------ Supplied records ------
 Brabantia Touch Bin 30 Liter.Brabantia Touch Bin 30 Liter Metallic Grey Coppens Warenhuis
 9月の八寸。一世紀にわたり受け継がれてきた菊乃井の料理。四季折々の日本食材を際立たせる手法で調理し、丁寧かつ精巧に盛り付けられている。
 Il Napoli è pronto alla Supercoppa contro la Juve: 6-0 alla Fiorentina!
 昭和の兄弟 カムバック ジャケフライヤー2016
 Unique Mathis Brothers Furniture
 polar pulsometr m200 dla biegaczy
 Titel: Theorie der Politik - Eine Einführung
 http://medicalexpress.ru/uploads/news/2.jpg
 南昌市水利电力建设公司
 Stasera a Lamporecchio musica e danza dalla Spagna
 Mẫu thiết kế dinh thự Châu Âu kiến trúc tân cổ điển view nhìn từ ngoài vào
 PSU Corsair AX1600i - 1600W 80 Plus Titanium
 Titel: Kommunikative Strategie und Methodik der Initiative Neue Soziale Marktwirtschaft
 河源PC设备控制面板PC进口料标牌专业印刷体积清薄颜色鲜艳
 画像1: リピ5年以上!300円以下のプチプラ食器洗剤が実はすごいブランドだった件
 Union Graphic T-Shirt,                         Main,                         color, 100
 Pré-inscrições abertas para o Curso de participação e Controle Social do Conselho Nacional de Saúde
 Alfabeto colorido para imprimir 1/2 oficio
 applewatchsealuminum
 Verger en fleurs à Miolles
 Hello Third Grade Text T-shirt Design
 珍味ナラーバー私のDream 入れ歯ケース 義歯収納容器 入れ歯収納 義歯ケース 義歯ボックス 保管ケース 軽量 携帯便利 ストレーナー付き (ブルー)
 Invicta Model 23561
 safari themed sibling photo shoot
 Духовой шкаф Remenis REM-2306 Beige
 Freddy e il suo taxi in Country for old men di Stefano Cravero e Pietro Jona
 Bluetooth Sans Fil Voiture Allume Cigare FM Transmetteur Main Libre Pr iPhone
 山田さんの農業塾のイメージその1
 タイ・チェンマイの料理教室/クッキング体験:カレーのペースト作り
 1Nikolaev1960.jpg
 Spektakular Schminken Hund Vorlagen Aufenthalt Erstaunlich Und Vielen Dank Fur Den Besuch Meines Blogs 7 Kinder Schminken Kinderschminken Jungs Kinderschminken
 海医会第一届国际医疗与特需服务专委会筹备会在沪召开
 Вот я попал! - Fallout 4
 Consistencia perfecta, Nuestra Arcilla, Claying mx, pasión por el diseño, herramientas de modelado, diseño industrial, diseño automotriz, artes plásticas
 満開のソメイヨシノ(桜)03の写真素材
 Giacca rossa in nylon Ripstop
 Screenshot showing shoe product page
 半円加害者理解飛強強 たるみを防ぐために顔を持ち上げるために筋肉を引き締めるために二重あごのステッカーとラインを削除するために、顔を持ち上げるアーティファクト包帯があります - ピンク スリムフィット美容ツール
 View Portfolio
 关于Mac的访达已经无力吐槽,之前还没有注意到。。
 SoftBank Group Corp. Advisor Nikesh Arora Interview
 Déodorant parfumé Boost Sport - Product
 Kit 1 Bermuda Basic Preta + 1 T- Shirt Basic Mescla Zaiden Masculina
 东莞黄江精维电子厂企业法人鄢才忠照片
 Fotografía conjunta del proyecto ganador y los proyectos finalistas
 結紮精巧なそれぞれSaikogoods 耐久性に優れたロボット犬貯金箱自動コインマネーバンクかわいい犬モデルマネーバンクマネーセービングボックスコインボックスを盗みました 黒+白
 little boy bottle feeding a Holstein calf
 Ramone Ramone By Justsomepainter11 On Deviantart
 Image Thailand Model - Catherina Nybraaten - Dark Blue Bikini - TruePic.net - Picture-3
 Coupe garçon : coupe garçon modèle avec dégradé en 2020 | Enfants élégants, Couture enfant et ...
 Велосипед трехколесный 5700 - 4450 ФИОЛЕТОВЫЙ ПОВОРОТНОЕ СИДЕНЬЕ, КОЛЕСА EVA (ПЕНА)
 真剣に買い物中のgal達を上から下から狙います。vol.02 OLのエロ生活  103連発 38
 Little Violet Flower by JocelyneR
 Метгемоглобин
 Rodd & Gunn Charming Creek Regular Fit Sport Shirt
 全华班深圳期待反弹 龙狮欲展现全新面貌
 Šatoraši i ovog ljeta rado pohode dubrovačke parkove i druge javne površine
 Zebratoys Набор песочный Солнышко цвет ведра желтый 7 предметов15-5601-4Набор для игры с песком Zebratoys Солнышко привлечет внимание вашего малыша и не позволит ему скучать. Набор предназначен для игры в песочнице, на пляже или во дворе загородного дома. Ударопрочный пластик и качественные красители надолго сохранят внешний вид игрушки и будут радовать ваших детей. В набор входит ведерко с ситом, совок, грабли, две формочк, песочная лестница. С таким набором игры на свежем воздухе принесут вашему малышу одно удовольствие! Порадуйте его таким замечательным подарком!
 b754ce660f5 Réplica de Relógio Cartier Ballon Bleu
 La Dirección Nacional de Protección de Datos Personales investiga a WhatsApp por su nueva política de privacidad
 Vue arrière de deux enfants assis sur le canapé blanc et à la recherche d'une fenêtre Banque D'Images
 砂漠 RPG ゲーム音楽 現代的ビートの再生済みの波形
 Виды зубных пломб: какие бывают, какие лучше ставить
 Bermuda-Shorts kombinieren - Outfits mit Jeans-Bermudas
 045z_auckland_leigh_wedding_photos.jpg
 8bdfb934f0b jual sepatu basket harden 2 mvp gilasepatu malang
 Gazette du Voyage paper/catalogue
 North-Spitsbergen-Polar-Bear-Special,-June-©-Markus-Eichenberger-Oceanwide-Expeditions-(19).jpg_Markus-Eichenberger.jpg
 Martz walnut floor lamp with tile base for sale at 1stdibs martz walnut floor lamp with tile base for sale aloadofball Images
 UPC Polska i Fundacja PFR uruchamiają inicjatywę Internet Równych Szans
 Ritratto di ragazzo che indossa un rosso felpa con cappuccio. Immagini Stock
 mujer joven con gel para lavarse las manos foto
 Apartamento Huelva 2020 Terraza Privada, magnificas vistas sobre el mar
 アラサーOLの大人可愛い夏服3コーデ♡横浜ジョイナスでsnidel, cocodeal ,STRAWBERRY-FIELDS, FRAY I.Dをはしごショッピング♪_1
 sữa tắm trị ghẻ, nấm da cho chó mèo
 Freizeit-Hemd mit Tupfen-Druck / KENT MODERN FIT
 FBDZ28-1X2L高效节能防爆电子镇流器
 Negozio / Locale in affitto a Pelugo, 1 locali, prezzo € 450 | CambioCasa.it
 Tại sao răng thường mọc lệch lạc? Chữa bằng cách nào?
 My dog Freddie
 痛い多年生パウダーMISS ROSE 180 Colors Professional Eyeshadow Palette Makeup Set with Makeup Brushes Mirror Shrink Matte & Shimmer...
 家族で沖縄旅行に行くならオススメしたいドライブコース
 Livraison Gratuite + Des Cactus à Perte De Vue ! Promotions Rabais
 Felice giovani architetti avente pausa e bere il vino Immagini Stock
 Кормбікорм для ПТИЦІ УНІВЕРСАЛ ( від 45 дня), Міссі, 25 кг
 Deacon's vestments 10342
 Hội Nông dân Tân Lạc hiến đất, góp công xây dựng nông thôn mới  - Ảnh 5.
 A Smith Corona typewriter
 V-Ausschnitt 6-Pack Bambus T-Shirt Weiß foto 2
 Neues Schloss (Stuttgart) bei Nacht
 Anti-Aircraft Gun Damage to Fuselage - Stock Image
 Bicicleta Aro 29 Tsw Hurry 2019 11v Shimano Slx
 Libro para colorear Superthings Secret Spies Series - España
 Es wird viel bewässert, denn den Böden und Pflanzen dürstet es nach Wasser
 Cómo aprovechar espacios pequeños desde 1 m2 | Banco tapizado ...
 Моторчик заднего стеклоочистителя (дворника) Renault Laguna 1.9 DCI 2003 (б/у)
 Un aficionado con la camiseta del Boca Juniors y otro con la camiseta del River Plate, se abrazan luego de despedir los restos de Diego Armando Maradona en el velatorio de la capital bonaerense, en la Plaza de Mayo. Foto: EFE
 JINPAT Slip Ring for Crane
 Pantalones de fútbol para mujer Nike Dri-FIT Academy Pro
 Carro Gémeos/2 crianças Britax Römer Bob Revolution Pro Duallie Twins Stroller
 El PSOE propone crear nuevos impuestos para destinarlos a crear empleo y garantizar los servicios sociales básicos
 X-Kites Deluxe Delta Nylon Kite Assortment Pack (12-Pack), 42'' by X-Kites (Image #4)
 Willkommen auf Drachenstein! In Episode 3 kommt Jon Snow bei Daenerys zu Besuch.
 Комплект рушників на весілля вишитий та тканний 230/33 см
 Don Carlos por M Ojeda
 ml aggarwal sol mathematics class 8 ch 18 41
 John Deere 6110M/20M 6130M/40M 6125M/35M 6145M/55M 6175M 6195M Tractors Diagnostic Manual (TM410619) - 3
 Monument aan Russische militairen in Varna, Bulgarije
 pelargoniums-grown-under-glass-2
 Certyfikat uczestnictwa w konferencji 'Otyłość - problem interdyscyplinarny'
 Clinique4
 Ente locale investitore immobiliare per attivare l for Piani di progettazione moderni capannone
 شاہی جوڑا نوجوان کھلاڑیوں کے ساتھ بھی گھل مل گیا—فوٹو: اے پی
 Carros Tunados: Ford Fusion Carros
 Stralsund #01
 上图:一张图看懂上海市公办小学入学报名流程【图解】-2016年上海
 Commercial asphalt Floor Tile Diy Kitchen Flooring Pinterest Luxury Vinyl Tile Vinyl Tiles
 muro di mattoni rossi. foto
------
◆ **Exercise directions**
From the records above, return each line that includes "Images".

◆ **Exercise solution**
 Vue arrière de deux enfants assis sur le canapé blanc et à la recherche d'une fenêtre Banque D'Images
 Martz walnut floor lamp with tile base for sale at 1stdibs martz walnut floor lamp with tile base for sale aloadofball Images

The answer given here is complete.